• _TRY IT_
Reproduce all the data verbatim.

++++ DATA PROVIDED ++++

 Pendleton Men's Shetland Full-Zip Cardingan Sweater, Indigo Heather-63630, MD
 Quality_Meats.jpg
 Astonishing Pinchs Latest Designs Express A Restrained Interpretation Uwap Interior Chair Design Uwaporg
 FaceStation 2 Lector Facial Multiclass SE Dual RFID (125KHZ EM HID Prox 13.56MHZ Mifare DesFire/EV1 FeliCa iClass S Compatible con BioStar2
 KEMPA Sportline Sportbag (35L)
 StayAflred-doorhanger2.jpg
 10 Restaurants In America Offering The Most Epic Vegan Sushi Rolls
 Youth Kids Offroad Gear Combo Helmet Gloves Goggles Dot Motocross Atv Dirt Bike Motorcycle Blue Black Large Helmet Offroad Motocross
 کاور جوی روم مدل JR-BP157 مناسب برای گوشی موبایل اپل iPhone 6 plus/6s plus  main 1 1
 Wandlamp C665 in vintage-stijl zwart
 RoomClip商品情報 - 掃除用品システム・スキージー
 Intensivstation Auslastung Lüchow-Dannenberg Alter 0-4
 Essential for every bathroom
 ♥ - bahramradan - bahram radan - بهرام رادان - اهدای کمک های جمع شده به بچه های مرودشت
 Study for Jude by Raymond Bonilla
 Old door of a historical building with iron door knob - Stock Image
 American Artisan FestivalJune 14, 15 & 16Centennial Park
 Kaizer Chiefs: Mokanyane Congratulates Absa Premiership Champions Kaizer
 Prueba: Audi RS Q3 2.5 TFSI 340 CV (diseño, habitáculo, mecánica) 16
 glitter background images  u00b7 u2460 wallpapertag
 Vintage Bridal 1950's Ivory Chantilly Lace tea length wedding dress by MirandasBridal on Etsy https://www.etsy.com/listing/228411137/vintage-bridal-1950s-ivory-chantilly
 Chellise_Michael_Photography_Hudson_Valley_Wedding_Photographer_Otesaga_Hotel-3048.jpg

++++

• _REPLY TO THE EXERCISE_
 Pendleton Men's Shetland Full-Zip Cardingan Sweater, Indigo Heather-63630, MD
 Quality_Meats.jpg
 Astonishing Pinchs Latest Designs Express A Restrained Interpretation Uwap Interior Chair Design Uwaporg
 FaceStation 2 Lector Facial Multiclass SE Dual RFID (125KHZ EM HID Prox 13.56MHZ Mifare DesFire/EV1 FeliCa iClass S Compatible con BioStar2
 KEMPA Sportline Sportbag (35L)
 StayAflred-doorhanger2.jpg
 10 Restaurants In America Offering The Most Epic Vegan Sushi Rolls
 Youth Kids Offroad Gear Combo Helmet Gloves Goggles Dot Motocross Atv Dirt Bike Motorcycle Blue Black Large Helmet Offroad Motocross
 کاور جوی روم مدل JR-BP157 مناسب برای گوشی موبایل اپل iPhone 6 plus/6s plus  main 1 1
 Wandlamp C665 in vintage-stijl zwart
 RoomClip商品情報 - 掃除用品システム・スキージー
 Intensivstation Auslastung Lüchow-Dannenberg Alter 0-4
 Essential for every bathroom
 ♥ - bahramradan - bahram radan - بهرام رادان - اهدای کمک های جمع شده به بچه های مرودشت
 Study for Jude by Raymond Bonilla
 Old door of a historical building with iron door knob - Stock Image
 American Artisan FestivalJune 14, 15 & 16Centennial Park
 Kaizer Chiefs: Mokanyane Congratulates Absa Premiership Champions Kaizer
 Prueba: Audi RS Q3 2.5 TFSI 340 CV (diseño, habitáculo, mecánica) 16
 glitter background images  u00b7 u2460 wallpapertag
 Vintage Bridal 1950's Ivory Chantilly Lace tea length wedding dress by MirandasBridal on Etsy https://www.etsy.com/listing/228411137/vintage-bridal-1950s-ivory-chantilly
 Chellise_Michael_Photography_Hudson_Valley_Wedding_Photographer_Otesaga_Hotel-3048.jpg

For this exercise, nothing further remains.